— Я в курсе этого вопроса, Сила Григорьевич. В курсе. Мне сам товарищ Борис Юрьевич Мошкин телефонил, и я согласился.
— На двадцать?
— Да хоть бы еще добавили.
— Полноте, Егор Иванович, шутить-то, — отмахнулся было Сила Строков, но, поглядев на председателя, понял, что тот далек от шуток. — Да ты, никак, взаправду, Егор Иванович?
— Товарищ Мошкин, Борис Юрьевич, который, веселостей не любит, а обрисовочку дал — делай да помалкивай. У нас больше половины хозяйств живут единоличниками. Верно? Тебя спрашиваю: верно? Не «допустим», а верно. И на колхоз этот частник поглядывает сентябрем. Так вот, чтобы он не косился на наше светлое артельное житье — мы его, сердягу, на выдержку в лес. Он оттуда вернется, и колхоз будет ему милей родной матушки, который. Возражения есть? Возражений нет.

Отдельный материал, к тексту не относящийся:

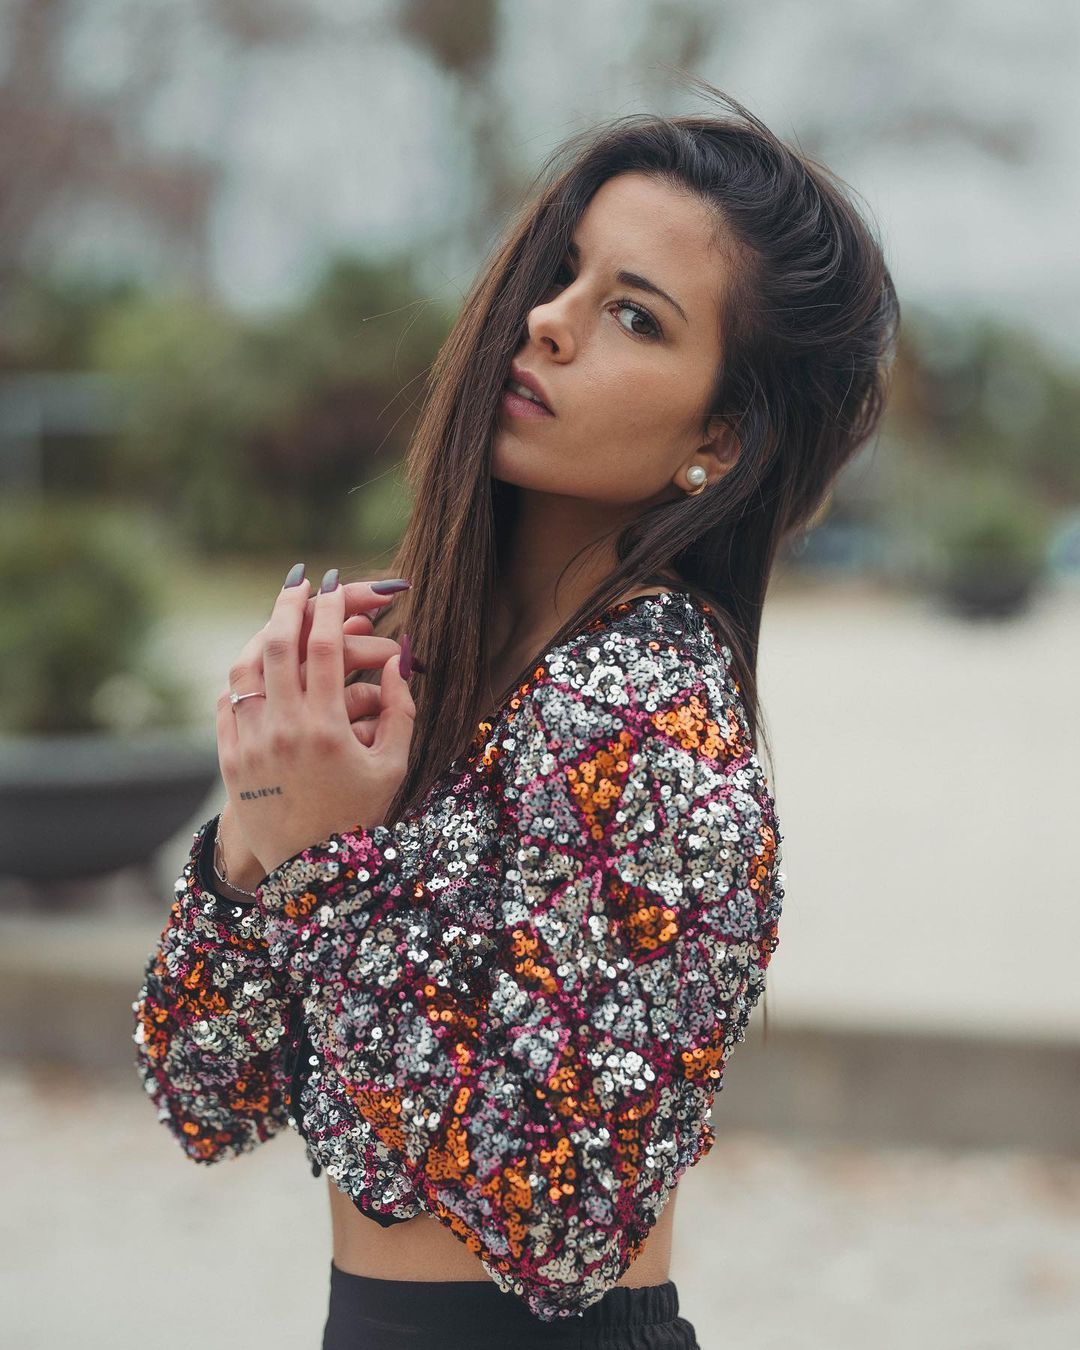 Alba-Lopez-Wallpapers-Insta-Fit-Bio-3
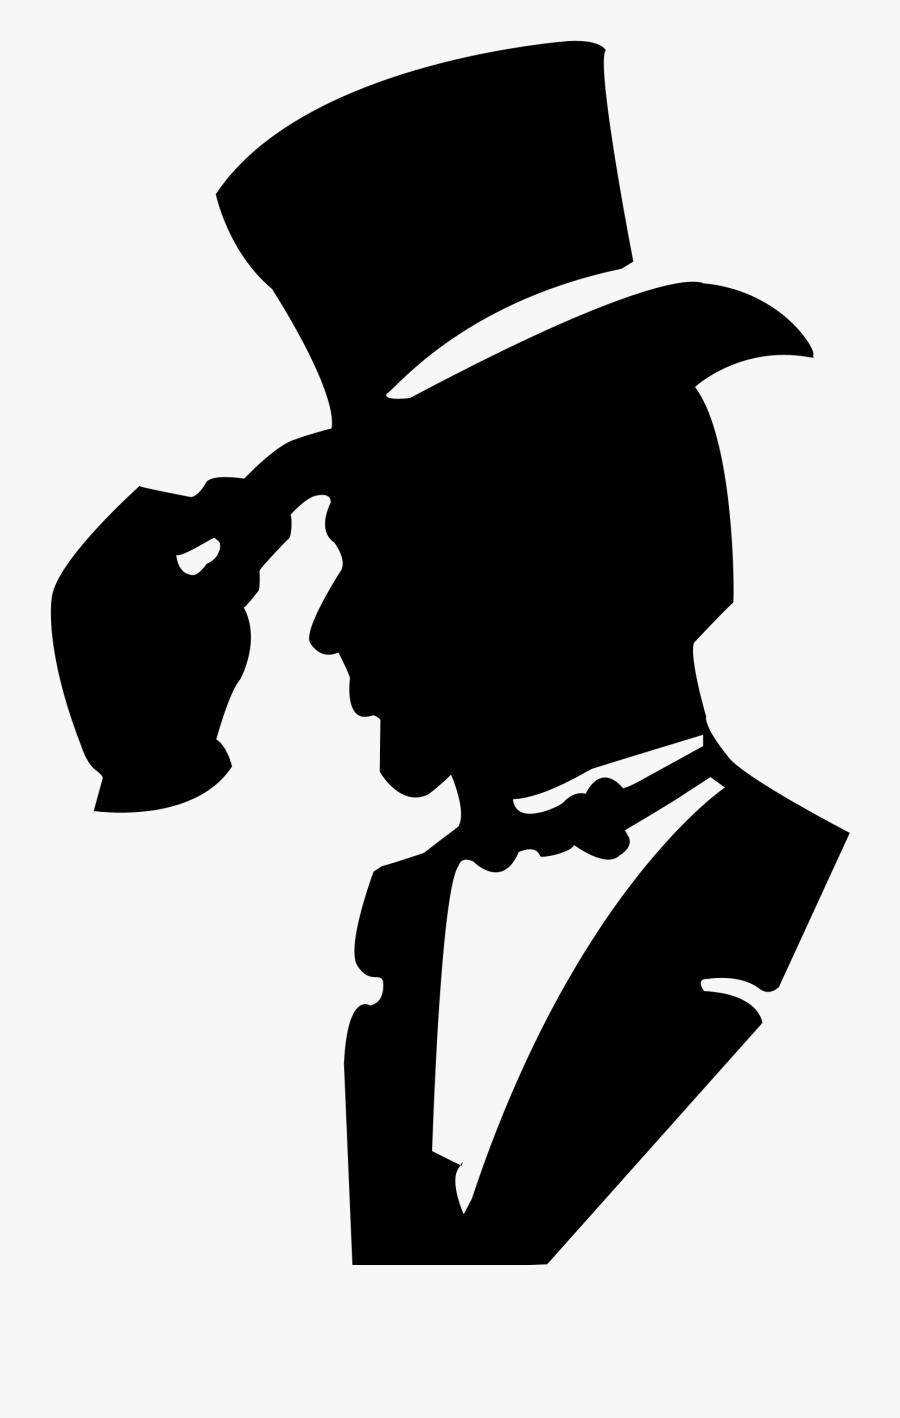 T-shirt Hat Suit Clothing - Black And White Gentleman Clipart, Transparent Clipart

— Но, Егор Иванович, хоть он и частник и одноличник, да ведь наш опять мужик-то, устоинский. Кто его лучше-то нас поймет? Кто оборонит? Мошкину что, чужую спину ноша, известно, не давит. Мошкину сверху не все видно. А мы снизу.
— Всякая изба потолком крыта. Нам рассуждать не приходится. А то ведь слово по слову — кулачищем по столу. Об том и говорю, не попасть бы в подпевалы, Сила Григорьевич.
От последнего слова председателя Силе Строкову мигом сделалось жарко — даже запотели очки. Он снял их, положил в бархатный мешочек, стал свертывать и укладывать по карманам бумаги. А Бедулев, ловко осадив секретаря, приподнял голос:
— Вызывай частников, и пусть готовятся в лес со своим кормом и харчем.
Разошлись невесело, зная, что не сговорились по важному делу. Строков вышел из мастерской, да вдруг вернулся. По виду его чувствовалось, что ни возвращаться, ни разговаривать ему не хотелось.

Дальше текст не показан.